_Provided records_.

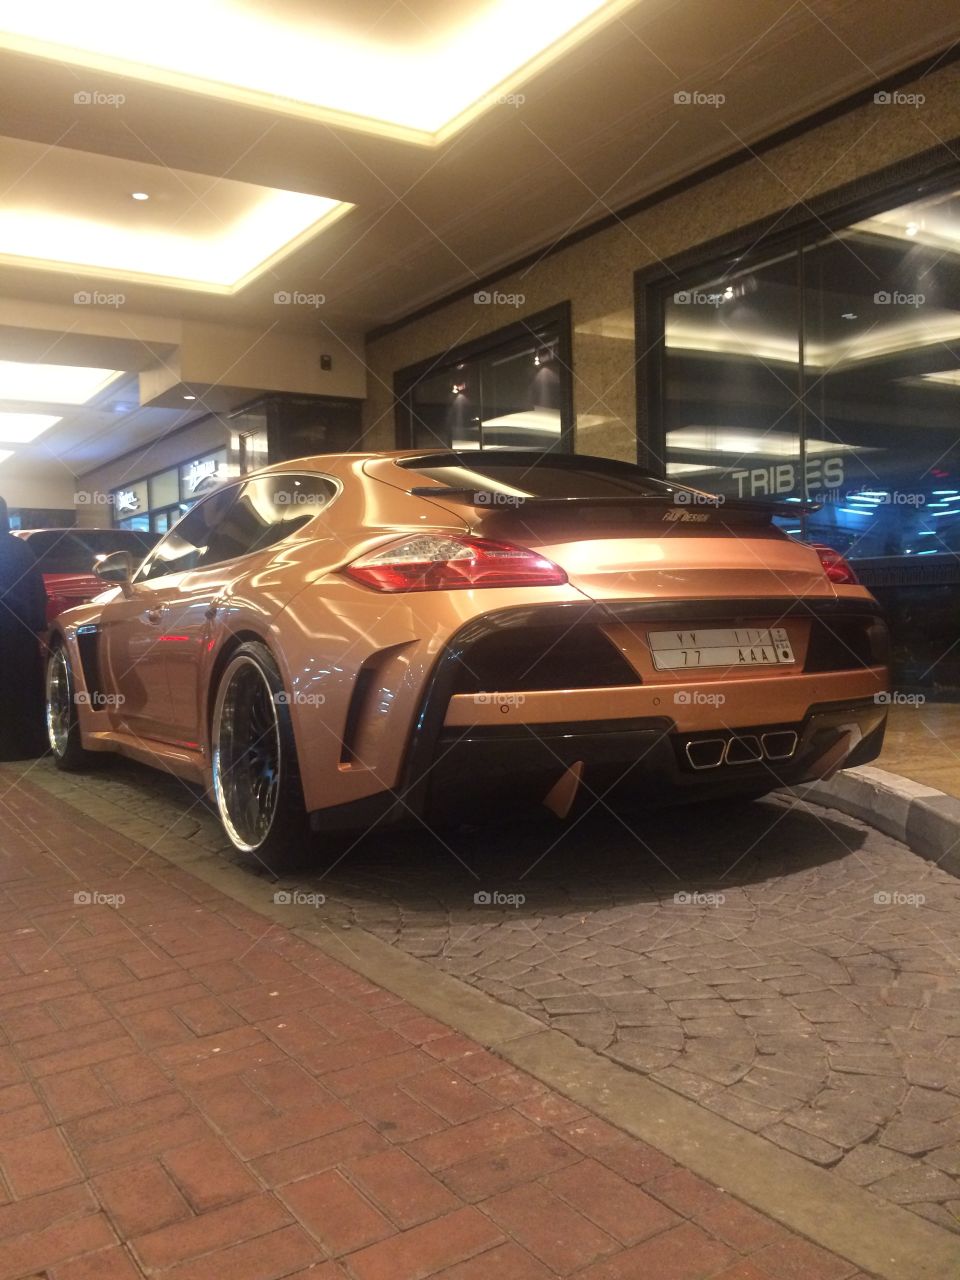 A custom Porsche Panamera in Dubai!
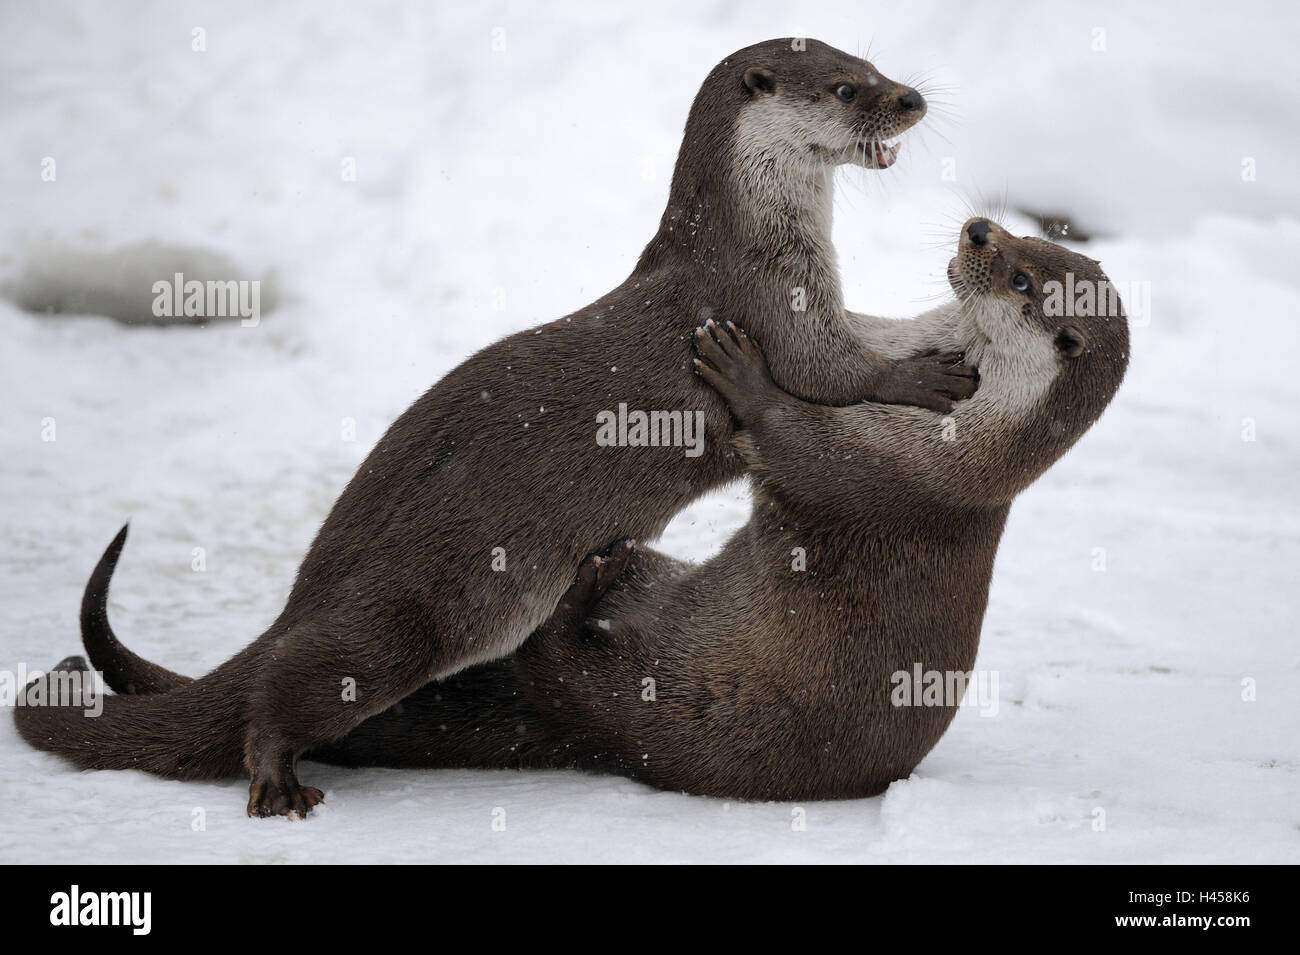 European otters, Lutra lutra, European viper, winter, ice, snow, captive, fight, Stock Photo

==

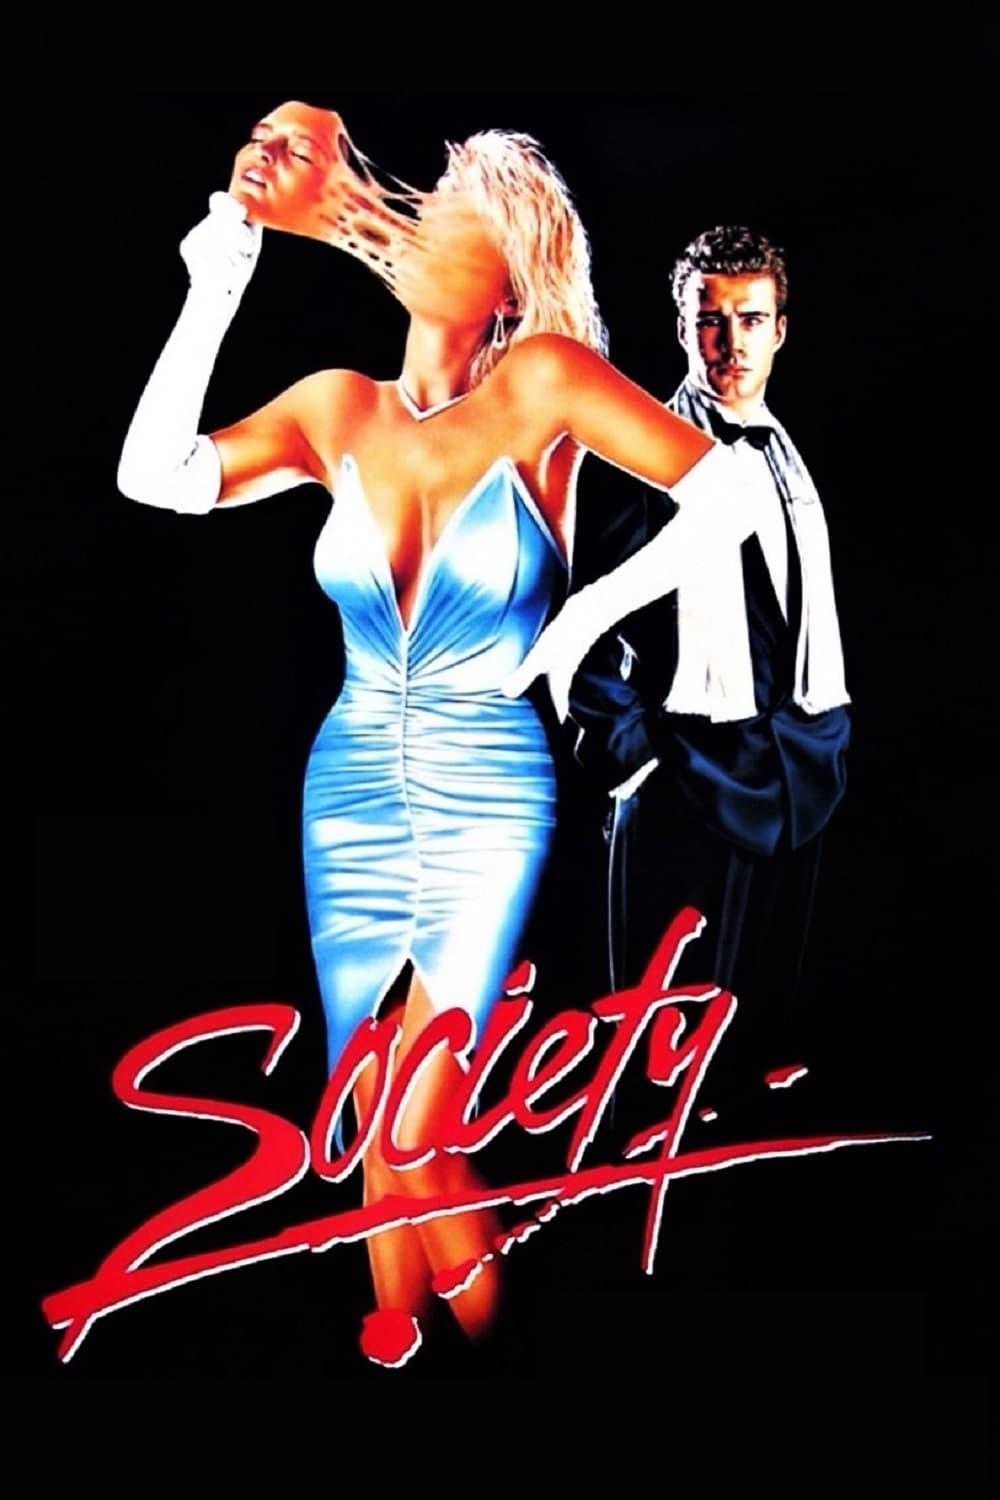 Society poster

* * *

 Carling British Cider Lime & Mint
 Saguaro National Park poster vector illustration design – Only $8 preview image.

_Goal of the exercise_.
Would you please repeat only the lines above, beginning at the one that has "A custom Porsche Panamera in Dubai!" and stopping after the one that has "European otters, Lutra", exactly and with no pictures?

_Completed exercise_.
 A custom Porsche Panamera in Dubai!
 European otters, Lutra lutra, European viper, winter, ice, snow, captive, fight, Stock Photo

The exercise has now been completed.